Although Reed and her partners at UpWest were able to keep the cost of their T-shirt collaboration low, the star admits that supporting sustainable fashion usually comes with a few hurdles, including price and accessibility.

“Any time that you’re searching for anything that’s organic, recycled, upcycled or produced locally, there’s a premium to be paid for that,” the actress (who founded her sustainability-driven lifestyle brand, Bayou with Love, in 2017) tells PEOPLE. “It’s the job of the consumer and businesses to sort of prioritize that. I think as that becomes the norm, that premium will change.”

Nikki Reed
Jesse Grant/Getty

Reed says she’s seen a “huge shift” over the years in what buyers are craving and, in turn, what brands are willing to provide.

“We’re so concerned with what we put in our bodies now, which is great. You know, now people really prioritize farmer’s markets and buying organic local food, which is awesome,” she shares. “Now, we’re getting to this place in the world of fashion where we’re asking the same questions and putting the connections together that what we put on our bodies is also a big thing.”

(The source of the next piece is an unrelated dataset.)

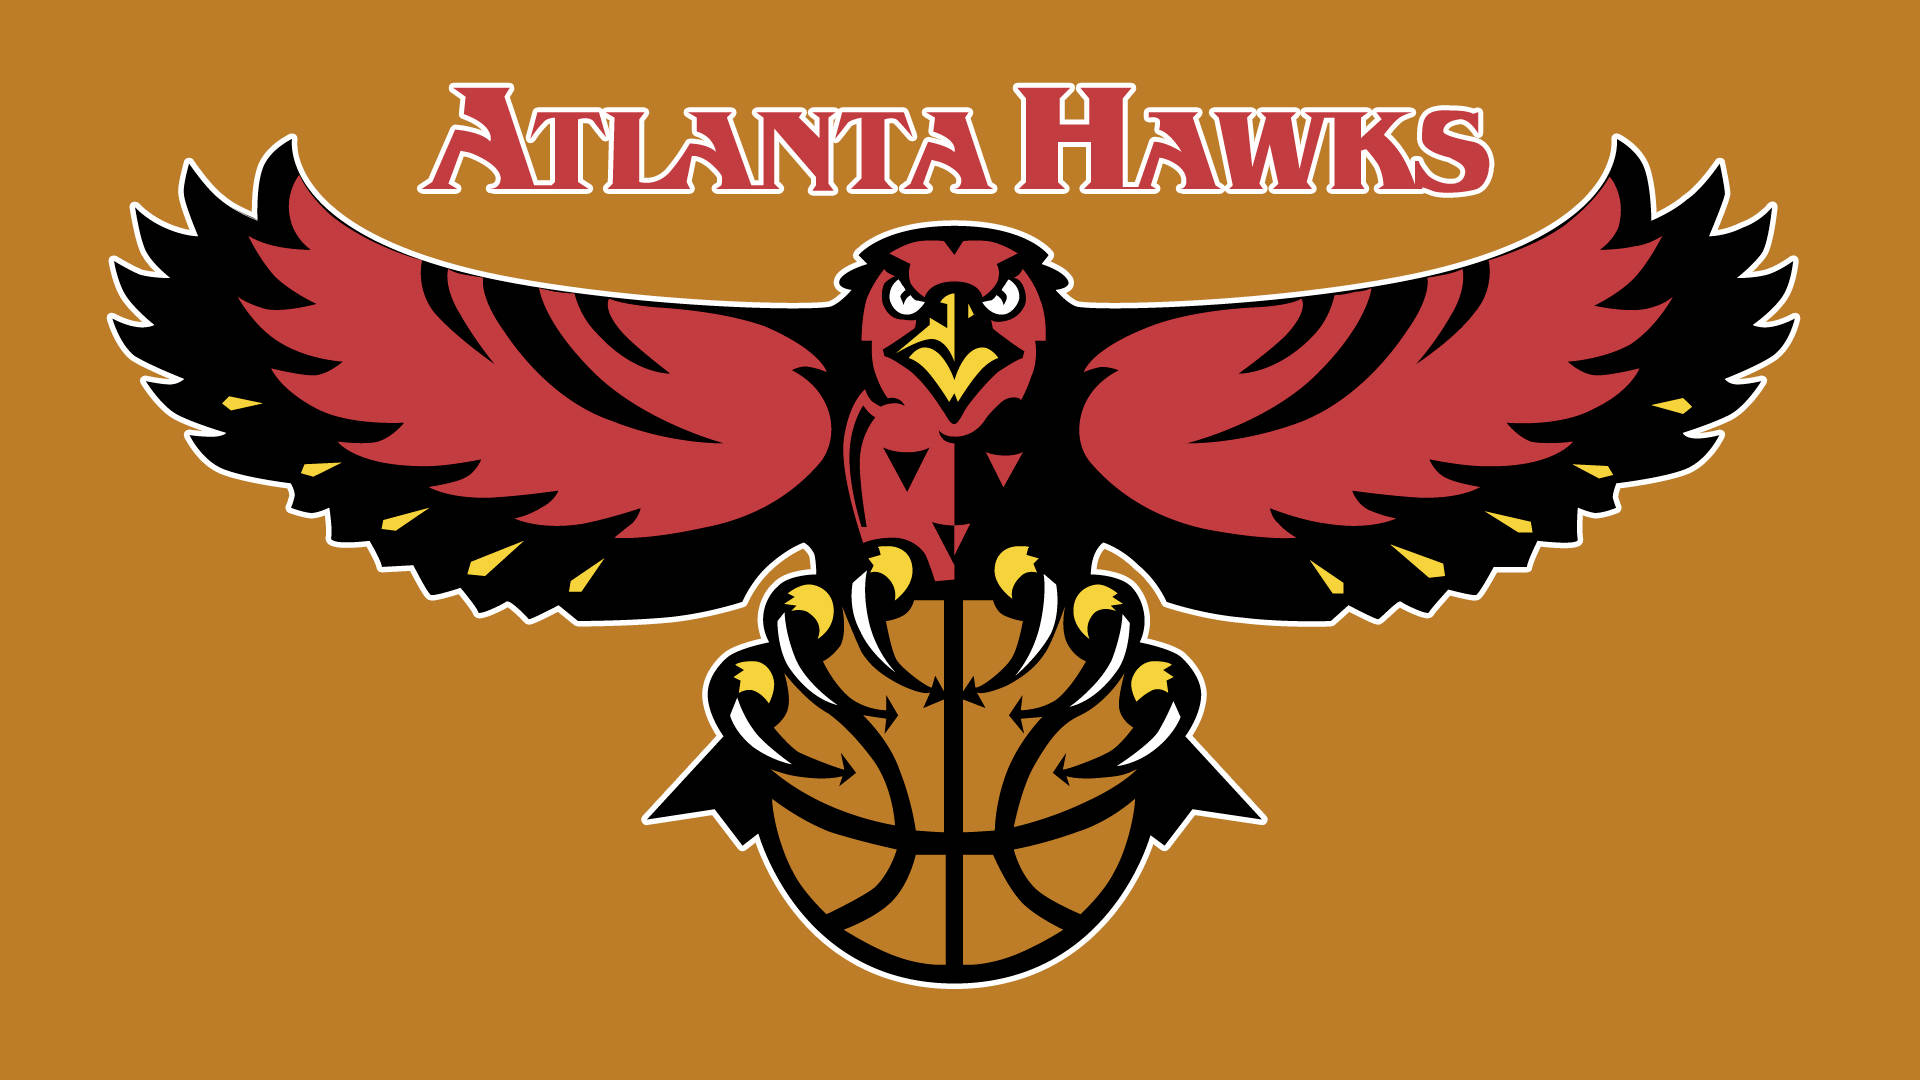 [100+] Atlanta Hawks Pictures

But shopping ethical brands is just one way Reed and her family (she and Somerhalder share 2-year-old daughter Bodhi Soleil) are reducing their carbon footprint — they also practice sustainability around the house. And while it may be intimidating, the actress says there are actually plenty of easy ways to become more eco-friendly right now, even while cooped up inside amid the coronavirus pandemic.

Her suggestions? Watch environmental documentaries to learn more about pressing issues, get creative by repurposing basic pantry items, collect rain water in a bucket then use that to water your plants instead of picking up a garden hose and safely enjoy some fresh air if you are able.

Nikki Reed and Ian Somerhalder
Amy Sussman/Getty

“I think it’s an interesting time if you have a moment to start experimenting with things that you’ve always wanted to get around to,” she explains, adding, “I am uber sensitive to the fact that there’s a lot of loss happening right now. I can’t even begin to imagine people who have lost loved ones and jobs and homes.”

Reed concludes: “The one thing about tragedy is that, when experienced together, it has the ability to create a level of compassion that the world really needs right now. What we’re experiencing has crossed all lines. There’s no political alignment here. There is no country that defines this. There is no religion or race or age. We’re all human and we’re all experiencing the same thing.”